Casi que me arrepiento de haber ensuciado la pantalla de mi tele con la presencia de esos espectros de directoras que no saben ni ellas lo que están inventando. Porque tener la cara inmensa de decir que uno entra y sale cuando quiere de ahí, y que hay un período de discernimiento antes de pertenecer.... hay un período de lavado cerebral íntegro, de corte sutil y paulatino con las relaciones sociales y familiares de base. Eso es lo que hay.
También es bastante insorportable que el vicario del opus en Estados Unidos pida perdón por los daños a los ex, cuando no se conoce, al menos yo no conozco, institución más maquiavélica para idear putadas y encubrirlas.

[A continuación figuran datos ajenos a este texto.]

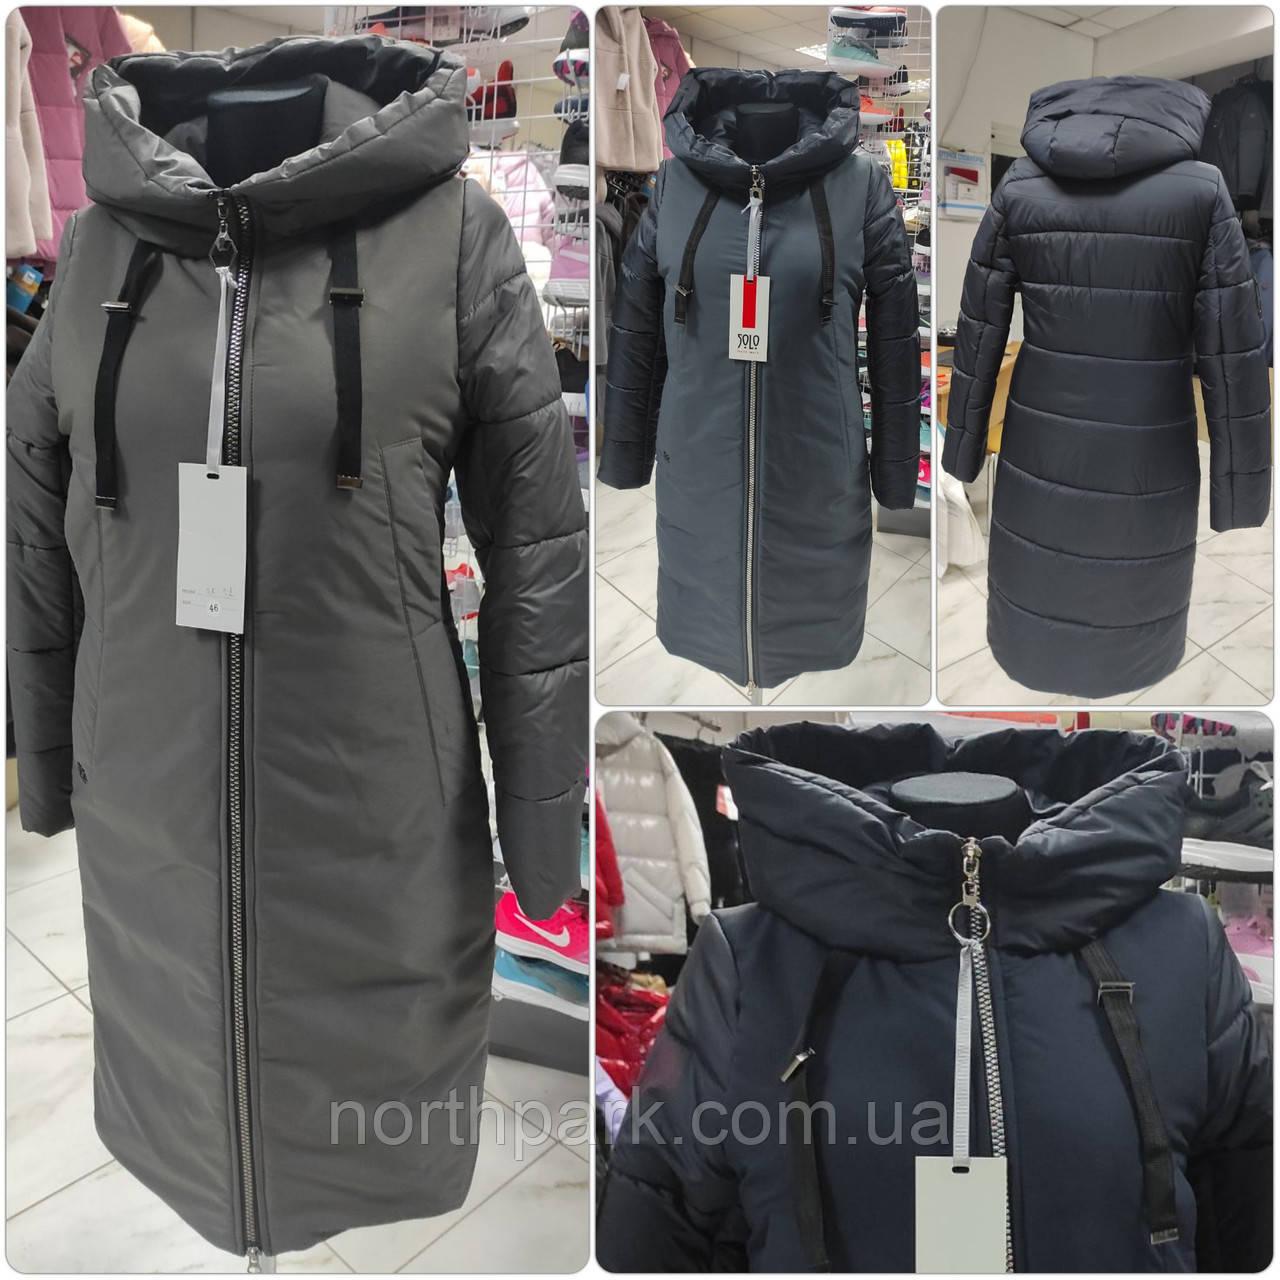 Стильна подовжена зимова куртка Solo SV-21

A los pasajes de mortificación corporal, los autores yankies del documental se han explayado poniendo un hombre latigándose y apretándose el cilicio en el muslo, les ha faltado la verdad de la historia: el cura que sale defendiendo la mortificación corporal no usa el cilicio, se lo digo yo. Fui tan estúpida de usarlo sin darme cuenta de que era la única. Nadie se lo dejaba en el cuarto de baño como yo y era la empleada la que lo recogía como tantas veces me ocurrió. También estaba lo de no merendar los sábados. He necesitado años para entender porque sólo Lali, otra numeraria tonta como yo, y una servidora teníamos un hambre canina al llegar la cena ese día... Es para darse cabezazos contra la pared.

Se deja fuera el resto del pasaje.